Erstens: vollständig private Netze mit ausschließlich dedizierter Infrastruktur. Zweitens: hybride Modelle mit dedizierter und gemeinsam genutzter Infrastruktur. Drittens: virtuelle private Netze, basierend auf öffentlichen Netzen.
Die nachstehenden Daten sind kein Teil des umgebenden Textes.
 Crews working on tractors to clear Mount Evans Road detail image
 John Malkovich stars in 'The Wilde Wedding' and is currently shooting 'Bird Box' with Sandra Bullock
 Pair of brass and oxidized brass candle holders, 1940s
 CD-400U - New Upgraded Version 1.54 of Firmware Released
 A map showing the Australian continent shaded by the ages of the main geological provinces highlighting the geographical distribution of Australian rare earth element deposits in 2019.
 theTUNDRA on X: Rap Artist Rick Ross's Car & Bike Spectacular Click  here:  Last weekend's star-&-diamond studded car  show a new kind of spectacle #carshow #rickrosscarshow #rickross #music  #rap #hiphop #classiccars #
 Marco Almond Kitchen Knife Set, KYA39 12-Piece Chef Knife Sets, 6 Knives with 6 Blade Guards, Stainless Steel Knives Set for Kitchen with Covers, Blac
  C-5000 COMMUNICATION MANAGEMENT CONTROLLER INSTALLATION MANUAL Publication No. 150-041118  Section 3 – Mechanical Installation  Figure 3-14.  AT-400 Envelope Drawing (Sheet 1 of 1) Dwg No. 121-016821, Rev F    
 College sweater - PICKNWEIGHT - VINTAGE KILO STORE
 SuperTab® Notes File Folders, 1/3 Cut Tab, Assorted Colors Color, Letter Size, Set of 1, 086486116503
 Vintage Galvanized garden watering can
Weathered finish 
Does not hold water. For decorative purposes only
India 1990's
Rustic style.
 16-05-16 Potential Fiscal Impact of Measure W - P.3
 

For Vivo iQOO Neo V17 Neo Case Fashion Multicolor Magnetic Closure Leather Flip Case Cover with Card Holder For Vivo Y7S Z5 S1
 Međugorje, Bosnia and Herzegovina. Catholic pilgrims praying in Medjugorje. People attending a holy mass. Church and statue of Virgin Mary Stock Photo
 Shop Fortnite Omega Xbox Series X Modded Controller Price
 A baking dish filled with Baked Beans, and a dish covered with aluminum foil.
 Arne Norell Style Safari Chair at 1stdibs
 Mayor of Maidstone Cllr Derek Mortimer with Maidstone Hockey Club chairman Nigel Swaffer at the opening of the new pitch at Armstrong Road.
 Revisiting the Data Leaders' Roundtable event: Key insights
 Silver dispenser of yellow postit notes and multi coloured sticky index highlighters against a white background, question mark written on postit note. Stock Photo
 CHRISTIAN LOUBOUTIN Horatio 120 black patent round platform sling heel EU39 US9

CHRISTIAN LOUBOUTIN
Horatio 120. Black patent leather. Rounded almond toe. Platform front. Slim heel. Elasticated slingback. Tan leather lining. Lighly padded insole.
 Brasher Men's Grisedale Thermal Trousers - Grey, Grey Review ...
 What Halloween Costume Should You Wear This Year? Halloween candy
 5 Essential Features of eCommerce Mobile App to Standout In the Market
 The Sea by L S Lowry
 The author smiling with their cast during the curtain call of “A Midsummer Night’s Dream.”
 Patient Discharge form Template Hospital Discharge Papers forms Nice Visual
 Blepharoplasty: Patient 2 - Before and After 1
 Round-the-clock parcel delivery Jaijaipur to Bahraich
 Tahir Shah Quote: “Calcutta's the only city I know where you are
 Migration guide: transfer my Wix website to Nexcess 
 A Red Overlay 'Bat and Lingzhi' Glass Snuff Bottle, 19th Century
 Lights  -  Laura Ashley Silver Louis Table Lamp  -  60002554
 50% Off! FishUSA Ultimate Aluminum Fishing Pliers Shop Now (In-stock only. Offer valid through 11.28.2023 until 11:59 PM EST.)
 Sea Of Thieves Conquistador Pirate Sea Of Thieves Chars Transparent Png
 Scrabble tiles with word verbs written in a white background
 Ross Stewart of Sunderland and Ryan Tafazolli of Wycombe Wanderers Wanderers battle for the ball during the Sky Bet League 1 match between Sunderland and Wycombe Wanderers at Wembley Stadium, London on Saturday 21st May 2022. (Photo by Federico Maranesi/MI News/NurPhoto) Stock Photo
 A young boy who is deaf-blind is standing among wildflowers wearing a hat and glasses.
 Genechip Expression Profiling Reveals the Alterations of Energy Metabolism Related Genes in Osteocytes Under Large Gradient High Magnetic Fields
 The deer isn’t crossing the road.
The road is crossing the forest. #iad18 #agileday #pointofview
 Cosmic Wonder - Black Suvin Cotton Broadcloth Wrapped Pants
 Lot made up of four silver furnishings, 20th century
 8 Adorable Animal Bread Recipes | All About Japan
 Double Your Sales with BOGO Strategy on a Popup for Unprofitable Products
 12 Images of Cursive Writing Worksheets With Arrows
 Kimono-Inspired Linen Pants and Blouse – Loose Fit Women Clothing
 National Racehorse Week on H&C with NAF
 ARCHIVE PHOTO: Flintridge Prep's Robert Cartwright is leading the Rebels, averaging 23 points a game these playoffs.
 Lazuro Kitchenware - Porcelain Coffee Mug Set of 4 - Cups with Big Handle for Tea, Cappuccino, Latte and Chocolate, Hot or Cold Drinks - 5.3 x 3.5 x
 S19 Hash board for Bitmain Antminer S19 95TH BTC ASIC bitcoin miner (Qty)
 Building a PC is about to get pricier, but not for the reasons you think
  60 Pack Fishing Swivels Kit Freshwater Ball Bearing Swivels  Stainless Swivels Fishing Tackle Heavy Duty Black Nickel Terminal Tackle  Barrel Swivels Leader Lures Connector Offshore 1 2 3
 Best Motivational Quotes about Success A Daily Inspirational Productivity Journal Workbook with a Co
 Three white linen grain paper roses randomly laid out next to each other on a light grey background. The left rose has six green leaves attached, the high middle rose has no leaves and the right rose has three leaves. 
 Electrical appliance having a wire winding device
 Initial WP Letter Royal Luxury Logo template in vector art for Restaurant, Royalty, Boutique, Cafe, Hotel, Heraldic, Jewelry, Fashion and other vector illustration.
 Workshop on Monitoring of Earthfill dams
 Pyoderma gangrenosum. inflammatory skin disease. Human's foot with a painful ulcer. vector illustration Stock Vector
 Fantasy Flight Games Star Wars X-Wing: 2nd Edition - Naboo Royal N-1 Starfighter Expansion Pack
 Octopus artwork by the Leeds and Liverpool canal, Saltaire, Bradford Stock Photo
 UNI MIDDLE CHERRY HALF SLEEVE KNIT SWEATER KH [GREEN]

Die Möglichkeit, eigene Campus-Netze aufzubauen, und ein großes Ökosystem an Anbietern eröffnet gerade im industriellen Umfeld die Chance, technologische Lücken in zukünftigen Anwendungsfällen zu schließen.

Alles in den Wind

Auf Basis des Überblicks und der geschichtlichen Einordnung ist die Frage, wann es Breitband sein muss, besser zu beantworten – damit meine ich Breitband im Fokus auf 5G. Im Kern lassen sich die Bedarfe für 5G in Unternehmen auf fünf Faktoren zusammenfassen:

  1. Die Digitalisierung und Transformationsaktivitäten zielen darauf ab, digitale Dienstleistungen und Produkte zu kreieren. Dabei fallen an zahlreichen Orten und auf unzähligen Endgeräten zu verarbeitende Daten an. Um Qualität, Sicherheit und operative Effizienz sicherzustellen, sind entsprechende Netzwerke notwendig.
  2. Die Konvergenz von IT und OT führt zum Bedarf an Netzwerken mit hoher Bandbreite und niedriger Latenz. Ziel ist es, eine maximale Automatisierung zu forcieren.
  3. Bedarf an sicheren Netzwerken.
  4. Kostengünstige Alternative zur Ergänzung und/oder Erweiterung ortsgebundener Netzwerke („Festnetz“).
  5. Ersetzen beziehungsweise Ablösen bestehender Netzwerke.

Tanz mit dem Teufel

Die Entscheidung für oder gegen 5G hängt von zahlreichen Facetten ab. Zunächst sind das erwartungsgemäß die Kosten, denn die Bereitstellung von 5G-Netzwerken kann teurer sein als etablierte Alternativen wie Wi-Fi-Netzwerke. Aber auch fehlende oder unausgereifte Geschäftsmodelle sowie etablierte Investitionszyklen beziehungsweise im Umkehrschluss eine langsame Change-Geschwindigkeit können Hemmnisse und ein Argument gegen die Einführung eines 5G-Campus-Netzwerks sein. Eine weitere Bremse stellen möglicherweise die hohe Komplexität und ein fehlendes Fachwissen im Unternehmen dar.

Keine Zeit

Digitalisierung und Transformation drückt in die Unternehmen und setzt sie unter Druck. Im Mittelpunkt stehen oftmals Daten, die zu möglichst niedrigen Kosten extrahiert und schnell übertragen werden müssen –  so sicher und qualitativ hochwertig wie möglich. Grundlage hierfür sind Netzwerke, die verlässlich und sicher sind sowie eine geringe Latenz aufweisen. Dabei rücken immer häufiger drahtlose Technologien in den Fokus. 5G ist neben LTE aktuell eine bevorzugte Variante.

Aber Obacht:

  1. Es muss nicht immer Breitband sein.

  2. Manchmal muss es Breitband sein.

  3. Diesmal muss es Breitband sein.